Louis Rolfe MBE

Personal information
- Nationality: British
- Born: 21 July 1997 (age 28) Cambridge, Cambridgeshire, England

Sport
- Country: Great Britain
- Sport: Track cycling
- Disability class: C2

Medal record
Representing Great Britain
Men's Para-cycling
Summer Paralympics
| Bronze medal – third place | 2016 Rio | Ind. Pursuit C2 |
| Gold medal – first place | 2016 Rio | Team Sprint C1-C5 |
Track World Championships
| Gold medal – first place | 2016 Montichiari | Team Sprint |
| Bronze medal – third place | 2016 Montichiari | 1km time trial (C2) |

= Louis Rolfe =

British Paralympic cyclist (born 1997)

Louis Rolfe (born 21 July 1997) is a British Paralympic track cyclist competing in C2 classification events. Rolfe came to note as a cyclist during the 2016 UCI Para-cycling Track World Championships where he was part of the gold medal-winning British team sprint event along with fellow cyclists Jon-Allan Butterworth and Jody Cundy.

==Personal history==
Rolfe was born in 1997 in Cambridge, England. He was born ten weeks premature and has cerebral palsy and hydrocephalus. He attended Coleridge Community College and Parkside Community College from 2008 to 2013.

==Cycling career==
Rolfe was inspired to take up para-sport after being inspired by the events of the 2012 Summer Olympics and Paralympics in London. In December 2012 he attended a para-festival where he was tested by Great Britain Cycling Team coaches. Rolfe was subsequently accepted onto the British Para-cycling Development Programme. He was classified as a C2 classification cyclist and was part of the Great Britain team at the 2015 Newport Para-cycling International. In Newport he won a silver as part of the men's team sprint and a bronze in the 3 km sprint, and was selected to represent his country at the 2015 UCI Para-cycling Track World Championships in Apeldoorn in the Netherlands. The World Championships provided experience for Rolfe and he finished fifth as a part of the team sprint, seventh in the 1 km time trial and 10th in the individual pursuit.
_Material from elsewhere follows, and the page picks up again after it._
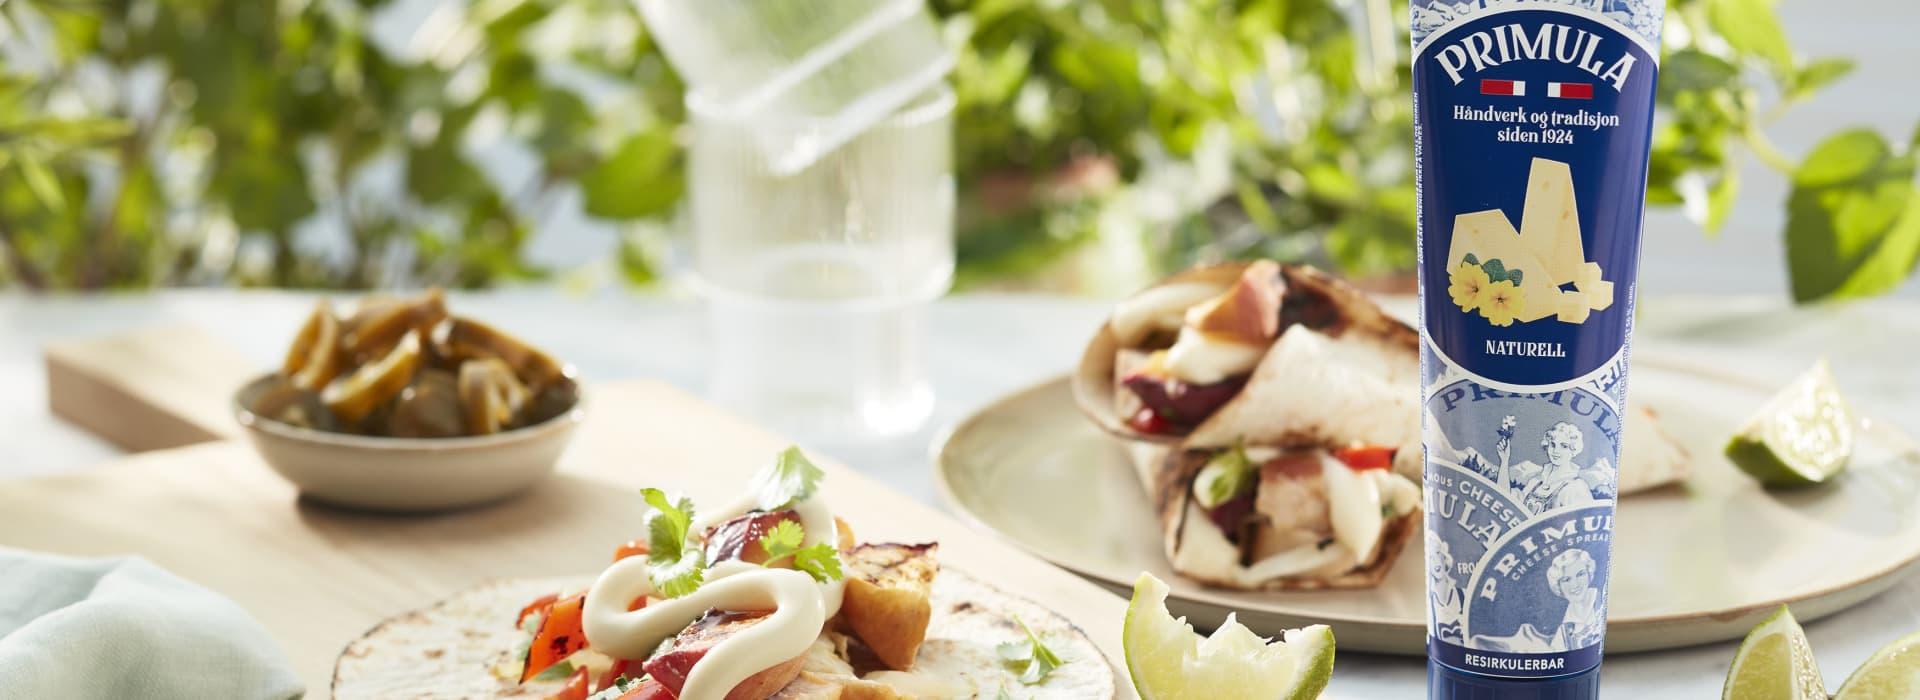 Sommerwraps med Primula og grillede grønnsaker, toppet med friske urter og lime.

In 2016, in the buildup to the Rio Paralympics, Rolfe represented Britain at his second Track World Championships, this time in Montichiari. Rolfe entered both the individual pursuit and the time trial, winning a bronze medal in the latter. Originally he was not part of the Team sprint as the line-up was intended to be Jon-Allan Butterworth, Kadeena Cox and Jody Cundy, but prior to the Championship Cox was reclassified and Rolfe was brought in as a late replacement. Despite never having raced together, the three posted a final time of 49.268 to win the gold and set a new world record time.

In August 2016 Rolfe was named as part of the Great Britain team for the 2016 Summer Paralympics.
In September 2016 at the Rio Paralympics Louis won bronze in the individual pursuit 3000m in the C2 class and gold in the 750m team sprint C1-C5 with Jon-Allan Butterworth and Jody Cundy in a world record time of 48.635 Seconds having already posted the previous record in qualifying.

On 31 December 2016 Rolfe was appointed Member of the Order of the British Empire (MBE) in the 2017 New Year Honours List for services to cycling.